Key Capabilities & Training
The model has undergone continued pre-training on approximately 50 billion tokens, with a significant focus on Indonesian (55%), Javanese (3%), and Sundanese (1.5%) data, alongside English and other general datasets. It utilizes the default Llama-3-8B tokenizer and supports an 8192-token context length. Training was conducted on 32 Nvidia H100 80GB GPUs for 5 days using MosaicML Composer.
Benchmark Performance
Evaluated on the SEA HELM (BHASA) benchmark, which covers tasks like QA, Sentiment Analysis, Toxicity Detection, Translation, Summarization, Causal Reasoning, and NLI across Indonesian, Javanese, and Sundanese.

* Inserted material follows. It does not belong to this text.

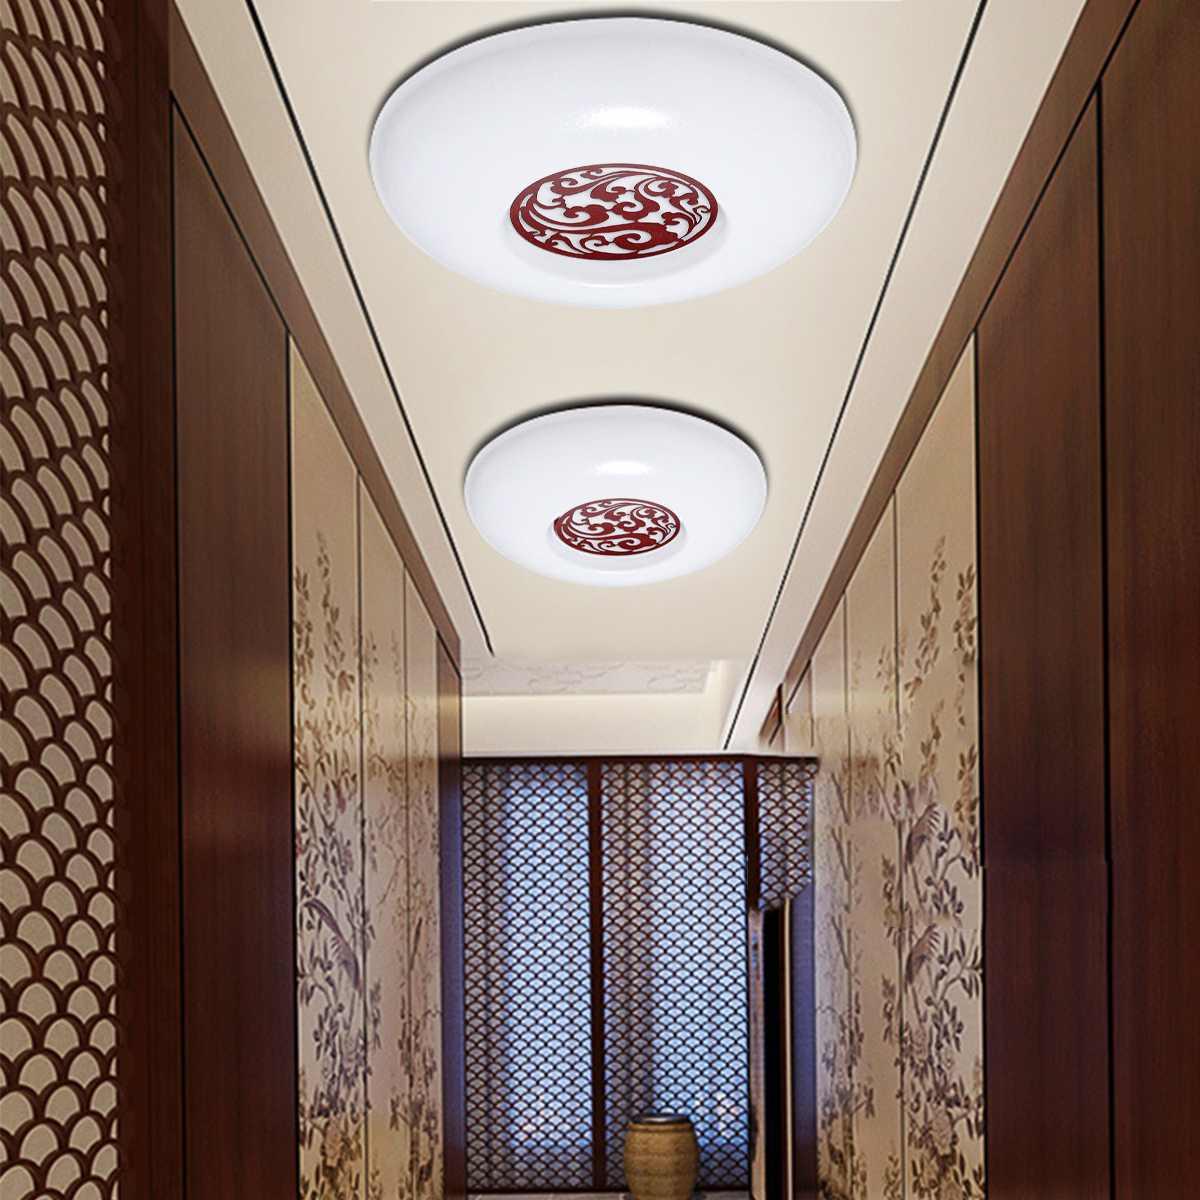 12 W 15 W 18 W Moderne Led Plafondlamp Ronde Surface Mount Plafond Lamp Voor Woonkamer Slaapkamer Gangen Armatuur Verlichting

The sahabatai-v1-8B model achieved an overall score of 59.437, demonstrating strong performance in these languages, particularly in Javanese (65.048) and Sundanese (59.809). While its English performance on the HuggingFace LLM Leaderboard tasks (average 13.92) is lower compared to some English-centric models, its strength lies in its specialized multilingual capabilities for Southeast Asian languages.
Ideal Use Cases
- Applications requiring robust understanding and generation in Indonesian, Javanese, and Sundanese.
- Developing AI-based services and applications tailored for the Indonesian market.
- Research and development focusing on low-resource Southeast Asian languages.